Now you can delete the glusterfs geo-rep session. This will delete all the config data associated with the geo-rep session.

    ```sh
    gluster volume geo-replication <master_volume> <slave_host>::<slave_volume> delete
    # If Mountbroker Setup,
    gluster volume geo-replication <master_volume> <mountbroker_user>@<slave_host>::<slave_volume> delete
    ```

This deletes all the gsync conf files in each of the nodes. This returns failure, if any of the node is down. And unlike geo-rep stop, there is 'force' option with this.
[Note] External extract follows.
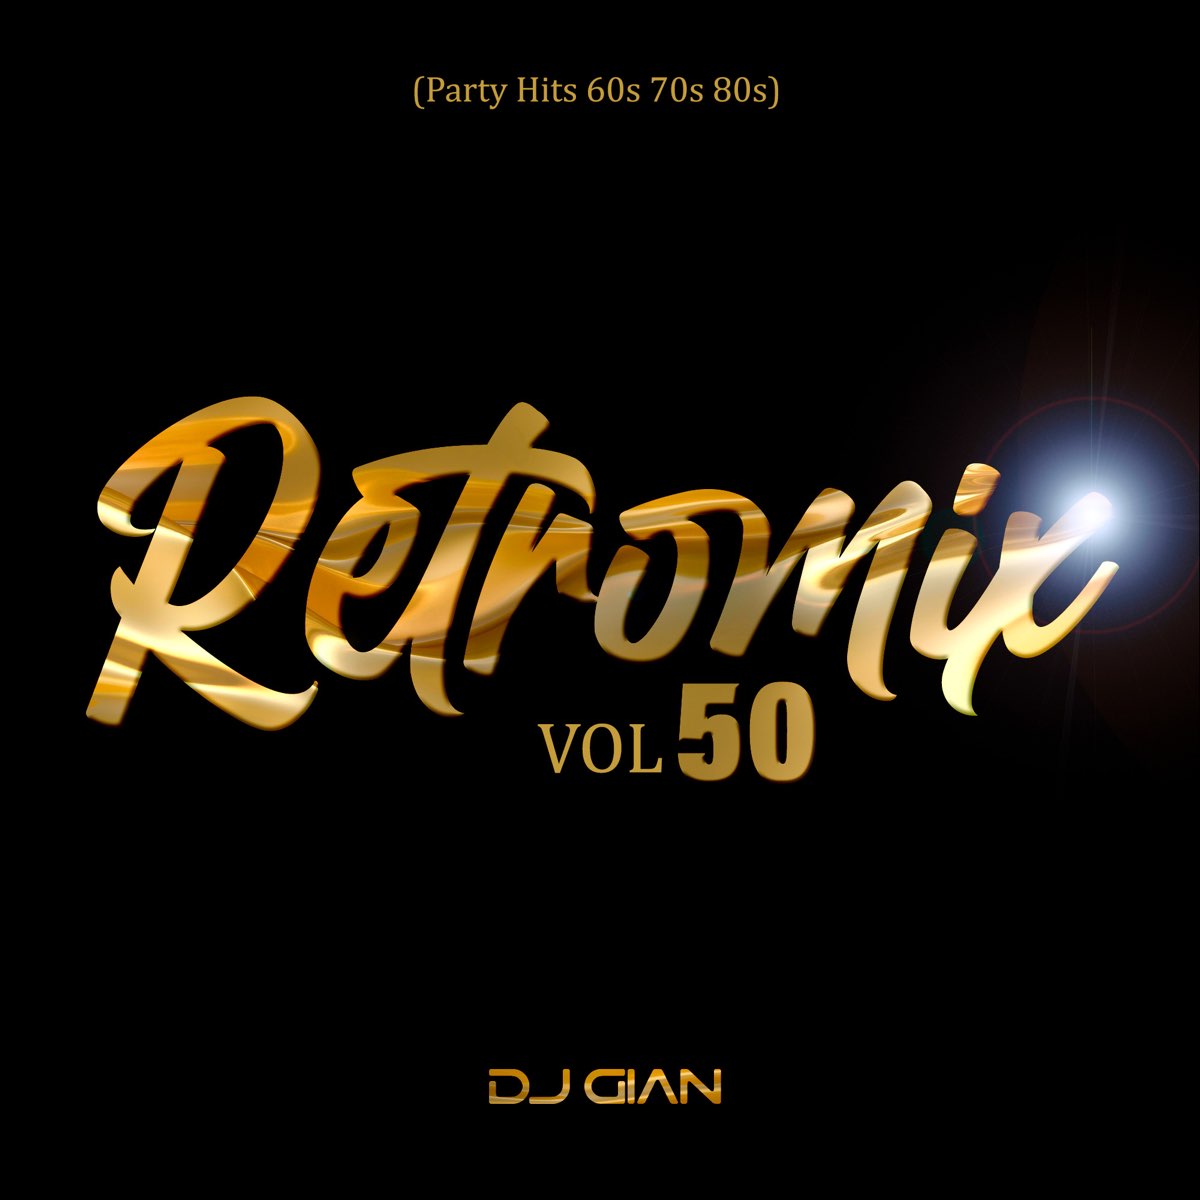 Rock - Pop en Español - 90'S RETROMIX

#### Changing the config values

There are some configuration values which can be changed using the CLI. And you can see all the current config values with following command.

    ```sh
    gluster volume geo-replication <master_volume> <slave_host>::<slave_volume> config
    # If Mountbroker Setup,
    gluster volume geo-replication <master_volume> <mountbroker_user>@<slave_host>::<slave_volume> config
    ```

But you can check only one of them, like log_file or change-detector

    ```sh
    gluster volume geo-replication <master_volume> <slave_host>::<slave_volume> config log-file
    # If Mountbroker Setup,
    gluster volume geo-replication <master_volume> <mountbroker_user>@<slave_host>::<slave_volume> config log-file

    gluster volume geo-replication <master_volume> <slave_host>::<slave_volume> config change-detector
    # If Mountbroker Setup,
    gluster volume geo-replication <master_volume> <mountbroker_user>@<slave_host>::<slave_volume> config change-detector

    gluster volume geo-replication <master_volume> <slave_host>::<slave_volume> config working-dir
    # If Mountbroker Setup,
    gluster volume geo-replication <master_volume> <mountbroker_user>@<slave_host>::<slave_volume> config working-dir
    ```

To set a new value to this, just provide a new value. Note that, not all the config values are allowed to change. Some can not be modified.

    ```sh
    gluster volume geo-replication <master_volume> <slave_host>::<slave_volume> config change-detector xsync
    # If Mountbroker Setup,
    gluster volume geo-replication <master_volume> <mountbroker_user>@<slave_host>::<slave_volume> config change-detector xsync
    ```

Make sure you provide the proper value to the config value. And if you have large number of small files data set, then you can use tar+ssh as syncing method. Note that, if geo-rep session is running, this restarts the gsyncd.

    ```sh
    gluster volume geo-replication <master_volume> <slave_host>::<slave_volume> config use-tarssh true
    # If Mountbroker Setup,
    gluster volume geo-replication <master_volume> <mountbroker_user>@<slave_host>::<slave_volume> config use-tarssh true
    ```

Resetting these value to default is also simple.

    ```sh
    gluster volume geo-replication <master_volume> <slave_host>::<slave_volume> config \!use-tarssh
    # If Mountbroker Setup,
    gluster volume geo-replication <master_volume> <mountbroker_user>@<slave_host>::<slave_volume> config \!use-tarssh
    ```

That makes the config key (tar-ssh in this case) to fall back to it's default value.